By Iddi Yire, GNA
Accra, Dec. 3, GNA – Microsoft will continue to intensify its support for Ghana in combating cybercrime, Ms Angela Ng’ang’a, Microsoft’s Corporate Affairs Lead for East and South Africa, has said.
She said the fight against cybercrime required the collective efforts of stakeholders through information sharing, awareness creation, capacity building and putting in place the right technical mechanism.
She lauded Ghana for the passage of the Data Protection Act, 2012 (Act 843) to safeguard personal information.
The law provides for the process by which one could obtain, hold, use or disclose personal data while the Data Protection Commission has been established as an independent body to regulate and implement its provisions.
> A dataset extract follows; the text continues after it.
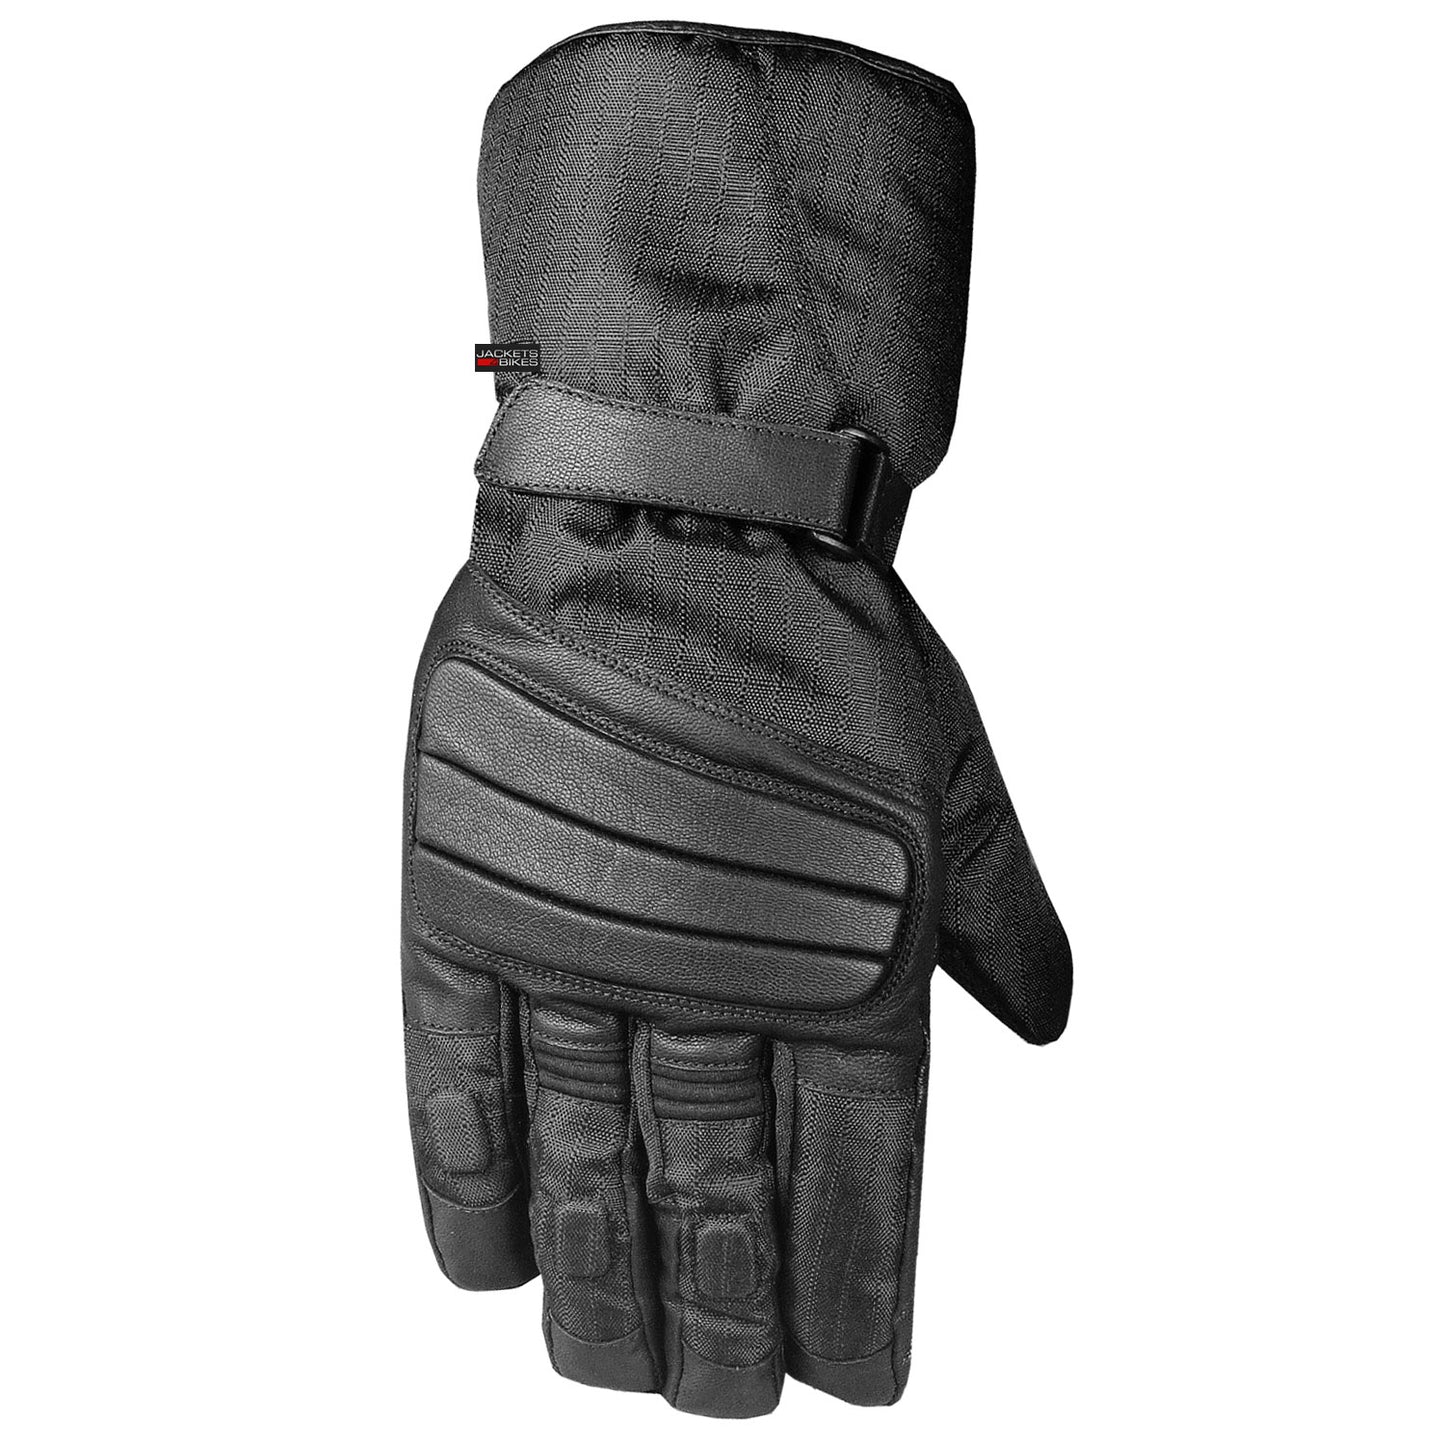 Men's Winter Ski Snowmobile Motorcycle Leather Thermal Waterproof Gloves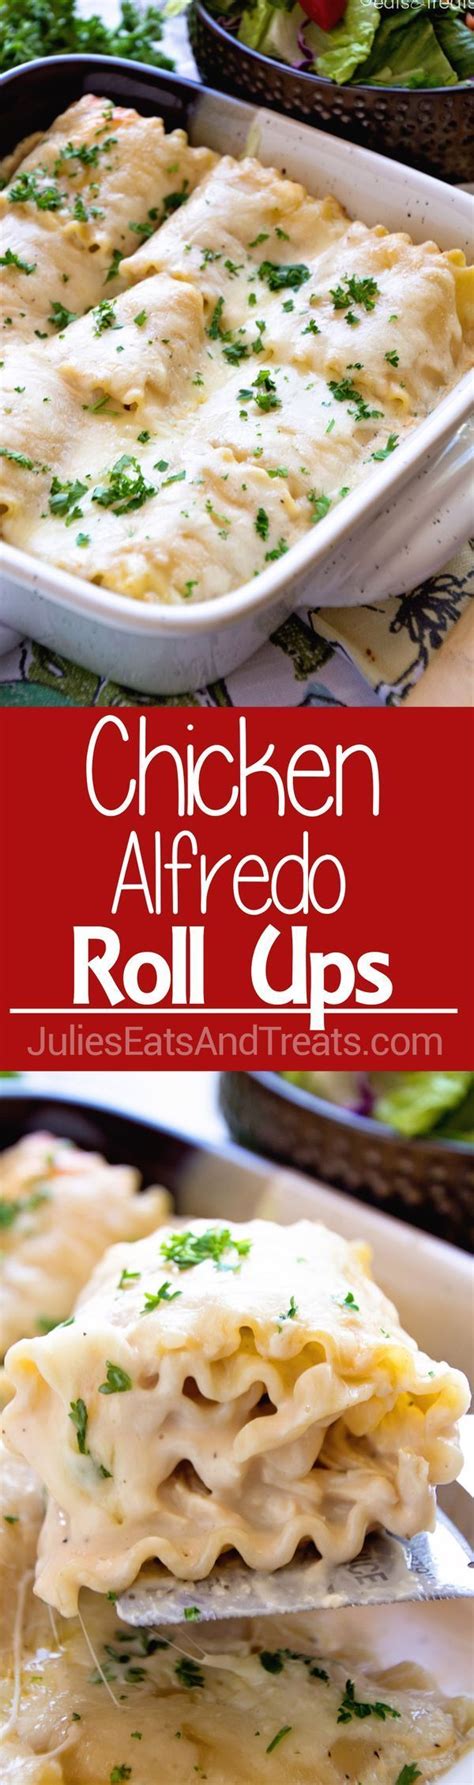 Chicken Alfredo Roll Ups Julies Eats And Treats Recipes Yummy

Speaking to the Ghana News Agency in Accra on the sidelines of a Cybersecurity Conference, Ms Ng’ang’a said there was the need for governments and corporate leadership to greatly improve their cybersecurity programmes in order to enhance their preparedness to combat cybercrime.
The conference was organised by the National Information Technology Agency (NITA) in collaboration with Microsoft as part the 2016 National Cybersecurity Week Celebration.
The Security Week Celebration was to create awareness on computer security incident response teams and their role in ensuring cybersecurity.
Cybersecurity is the body of technologies, processes and practices designed to protect networks, computers, programmes and data from attack, damage or unauthorised access.
Ms Ng’ang’a said the Digital Crime Unit of Microsoft had been working with governments in Africa to come out with modalities to combat cybercrime.
She said in February, this year, Bangladesh nearly lost $101 million through cybercrime.
Ms Ng’ang’a said there were about one billion Microsoft uses worldwide and that the Cyber Defence Operation Centre of Microsoft received over 300 million heists or signals intending to commit crime daily.
She, however, explained that some cyber threats recorded might be due to malfunctioning personal computers (PCs).
She cited October 31 to November 6 when Microsoft recorded over 8,434 heists from Ghana alone; adding that in the week before it recorded 8,300 cases.
Ms Ng’ang’a said on the average there were about one million heists sent from Ghana on weekly basis with the intention to commit cybercrime.
She said worldwide 63 per cent of organisations were not having the capacity to know that their system had been breached.
She said statistics showed that in 2015 it took 220 days for most organisations to know that their cybersecurity system had been breached.
Digital risk assessment and employing the right people were critical elements for organisations in the fight against cybercrime, she said.